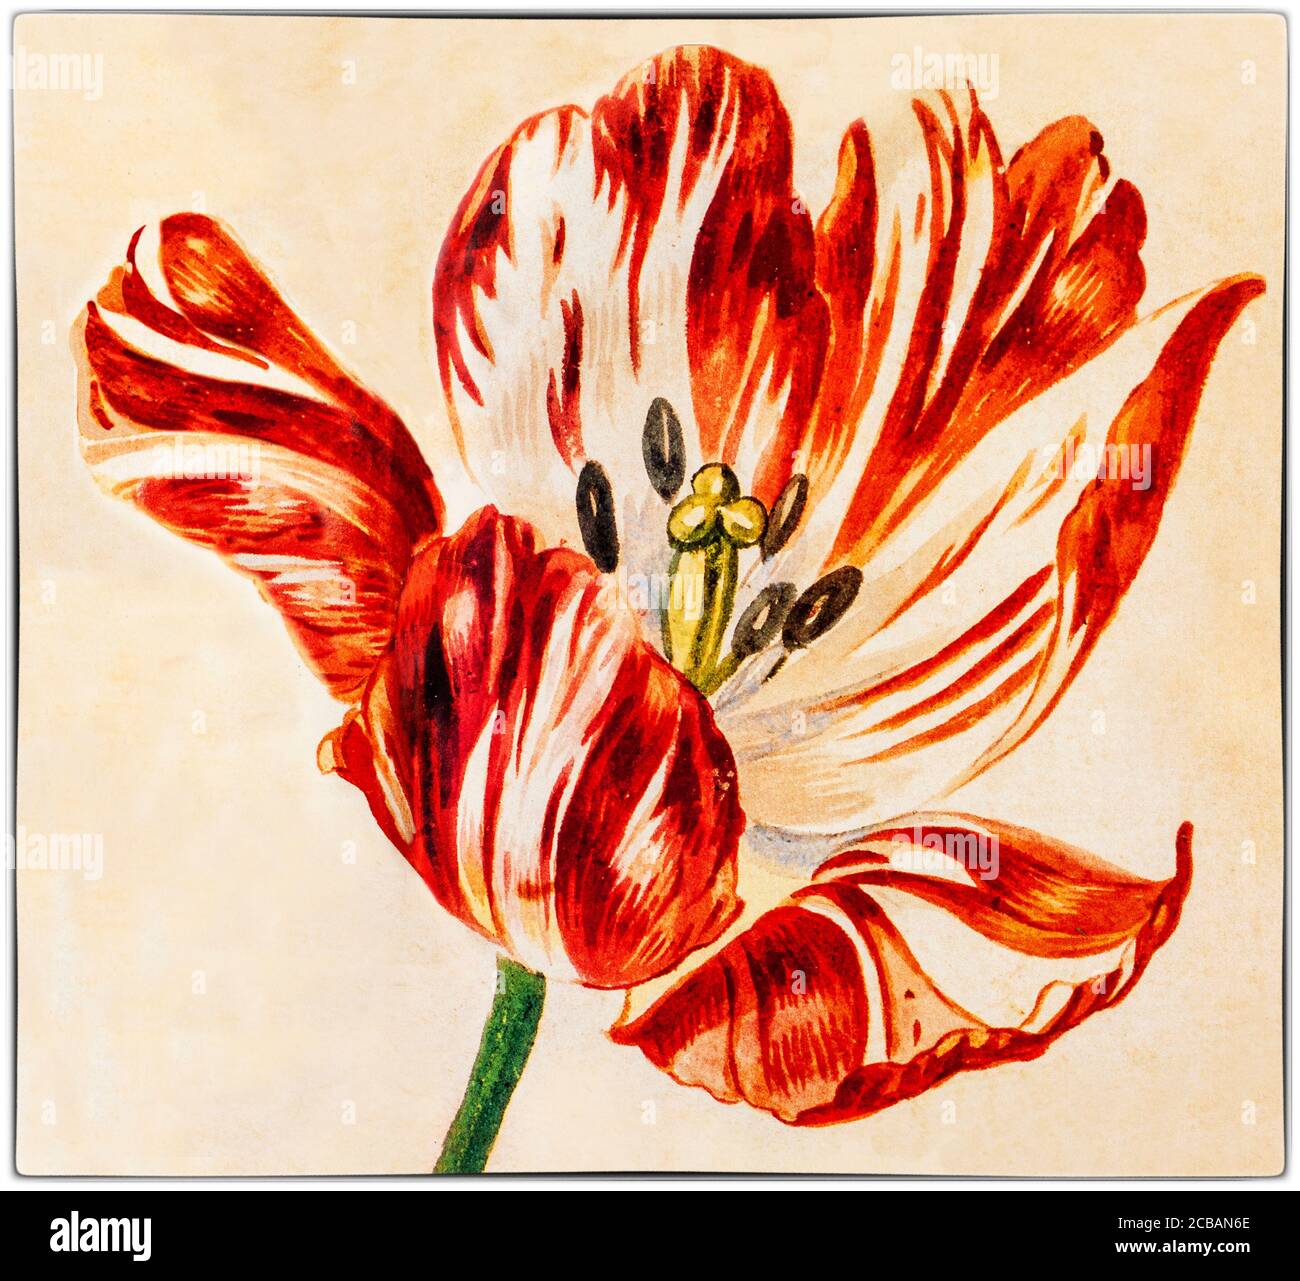 Tulipe « brisée » peinte par Jan van Huysum (1682-1749), un peintre hollandais. Les tulipes « brisées » ont une infection virale, qui a causé l'apparition de belles et saisissantes bandes de couleur dans les pétales, remarquées par le botaniste flamand Carolus Clusius, père de l'obsession hollandaise des tulipes, aux pays-Bas dans les années 1600. Banque D'Images
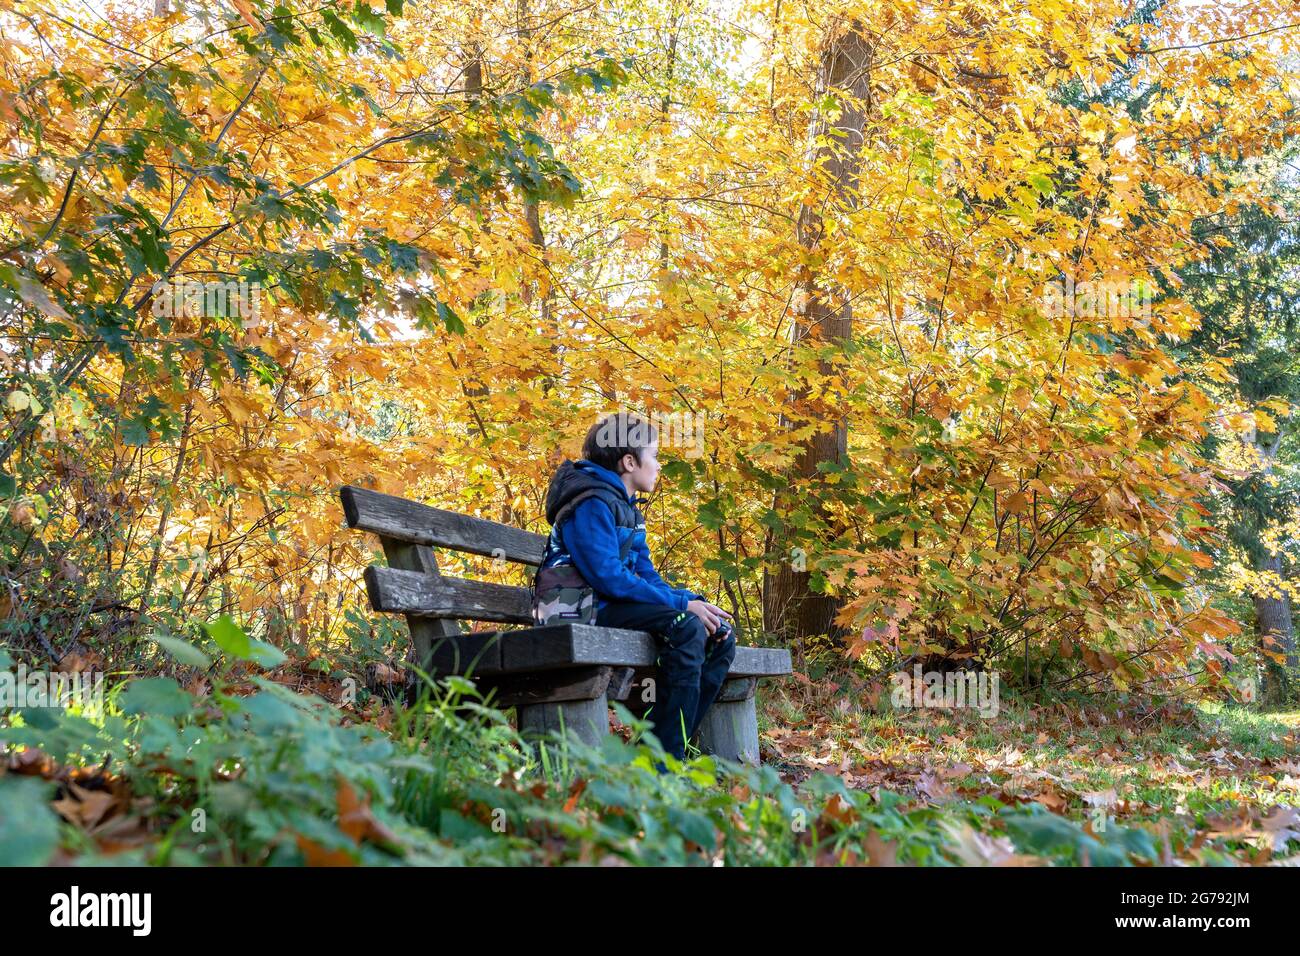 Europa, Deutschland, Baden-Württemberg, Stuttgart, Junge sitzt auf einer Bank im bunten Herbstwald Stockfoto
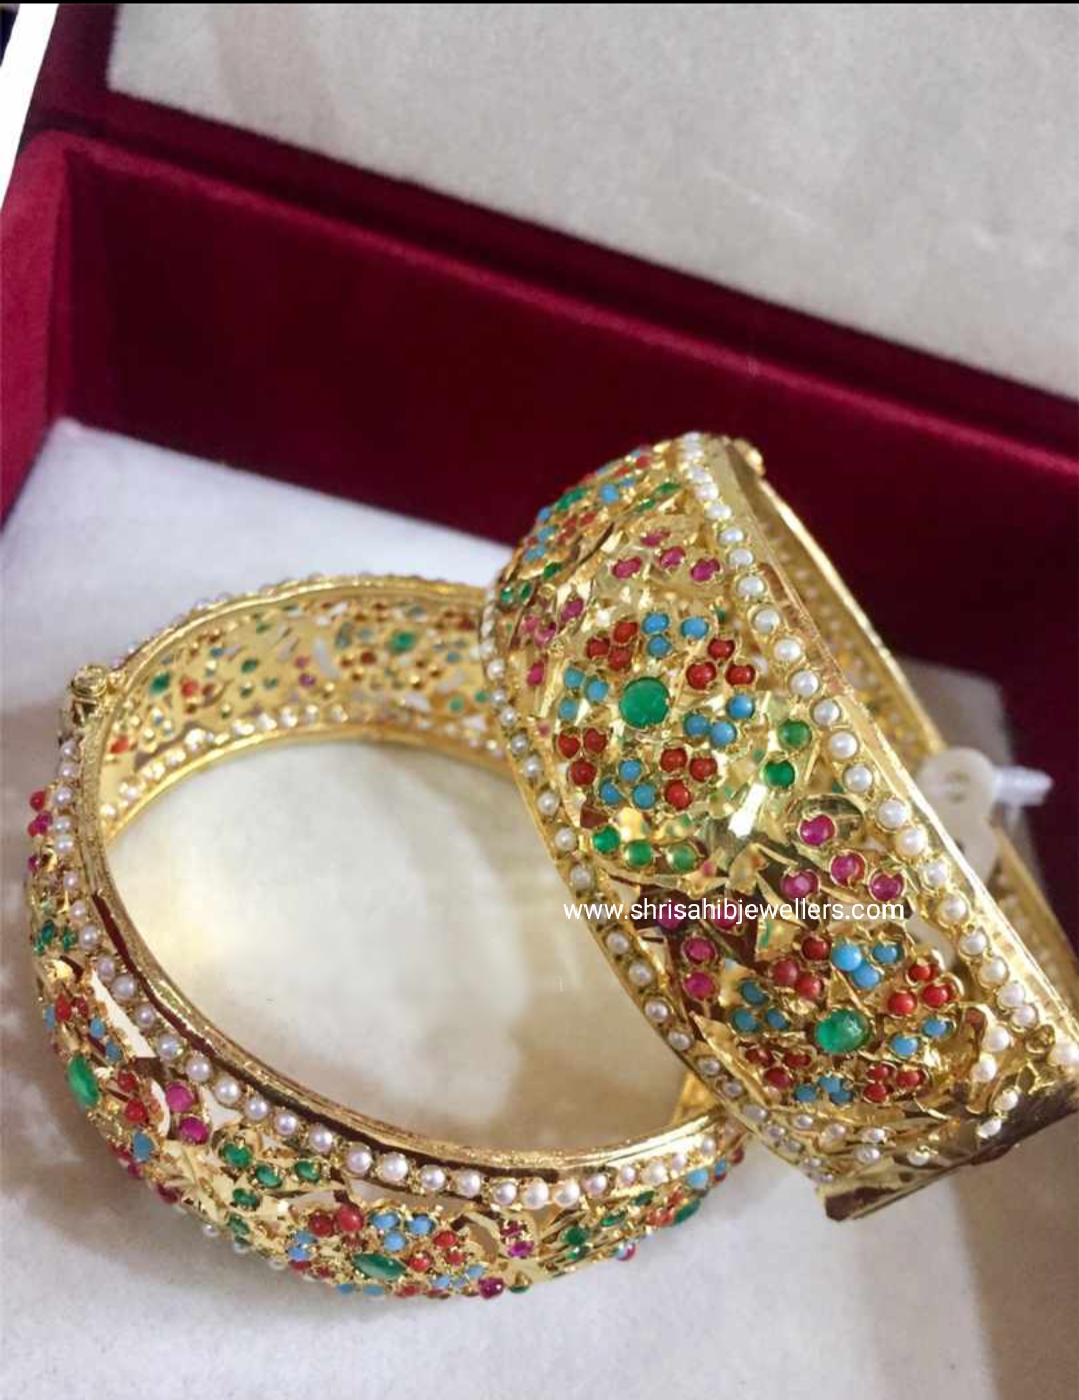 22ct Gold Finishing Products Of Hyderabad Jadau Kade/Bangle - Jadau ...
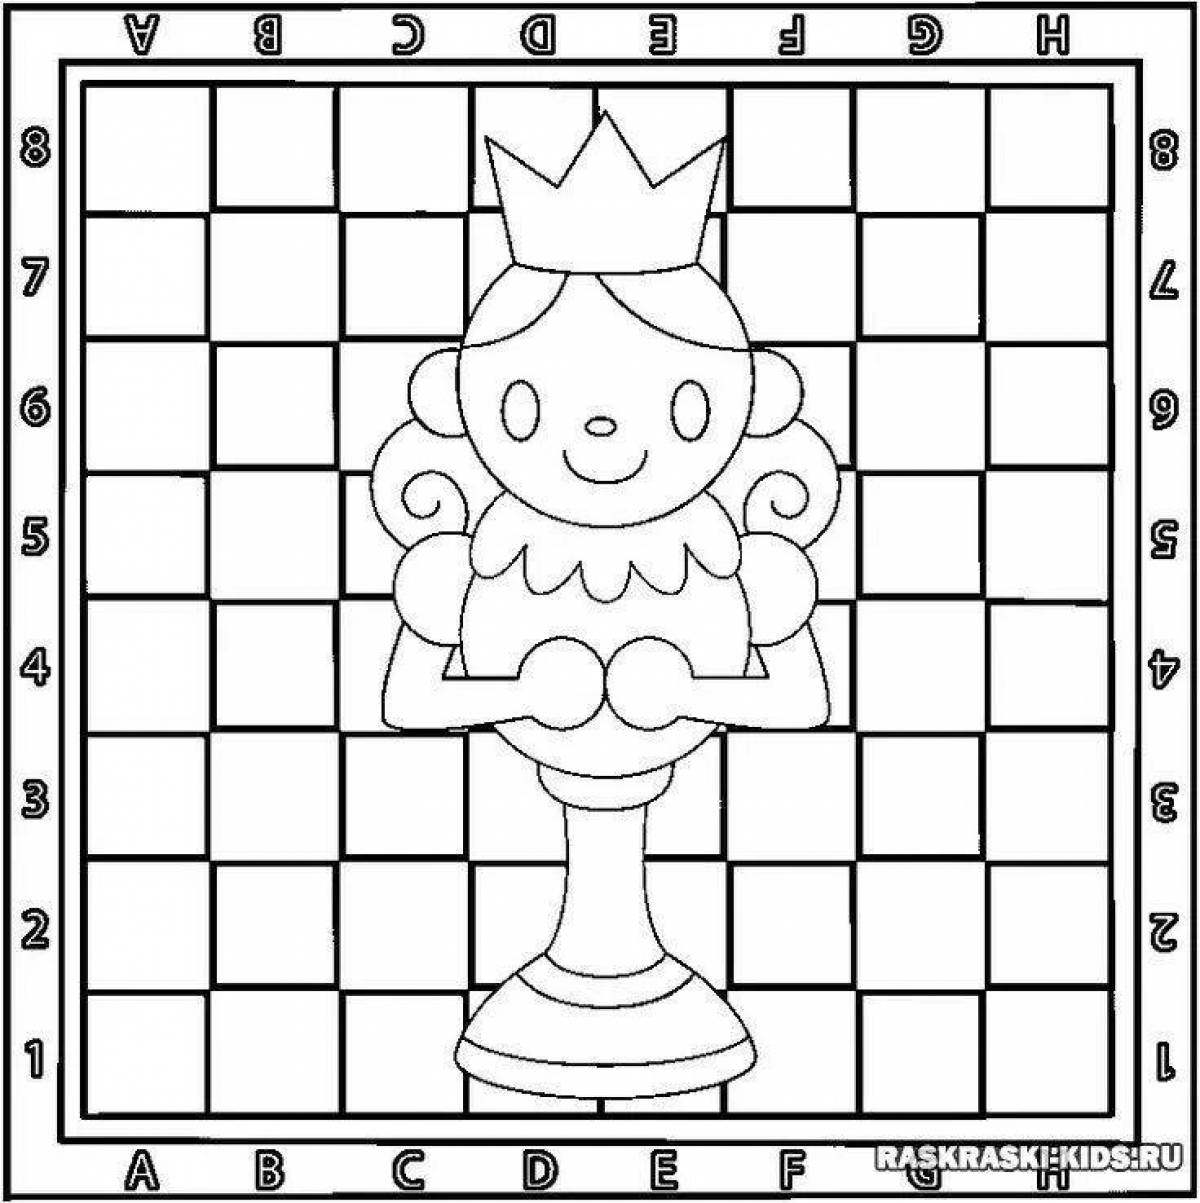 Красочная шахматная раскраска для детей, чтобы выучить правила

::::

| What the exercise asks |
Copy the material exactly as written and leave every picture behind.

| Exercise result |
 Tulipe « brisée » peinte par Jan van Huysum (1682-1749), un peintre hollandais. Les tulipes « brisées » ont une infection virale, qui a causé l'apparition de belles et saisissantes bandes de couleur dans les pétales, remarquées par le botaniste flamand Carolus Clusius, père de l'obsession hollandaise des tulipes, aux pays-Bas dans les années 1600. Banque D'Images
 Europa, Deutschland, Baden-Württemberg, Stuttgart, Junge sitzt auf einer Bank im bunten Herbstwald Stockfoto
 22ct Gold Finishing Products Of Hyderabad Jadau Kade/Bangle - Jadau ...
 Красочная шахматная раскраска для детей, чтобы выучить правила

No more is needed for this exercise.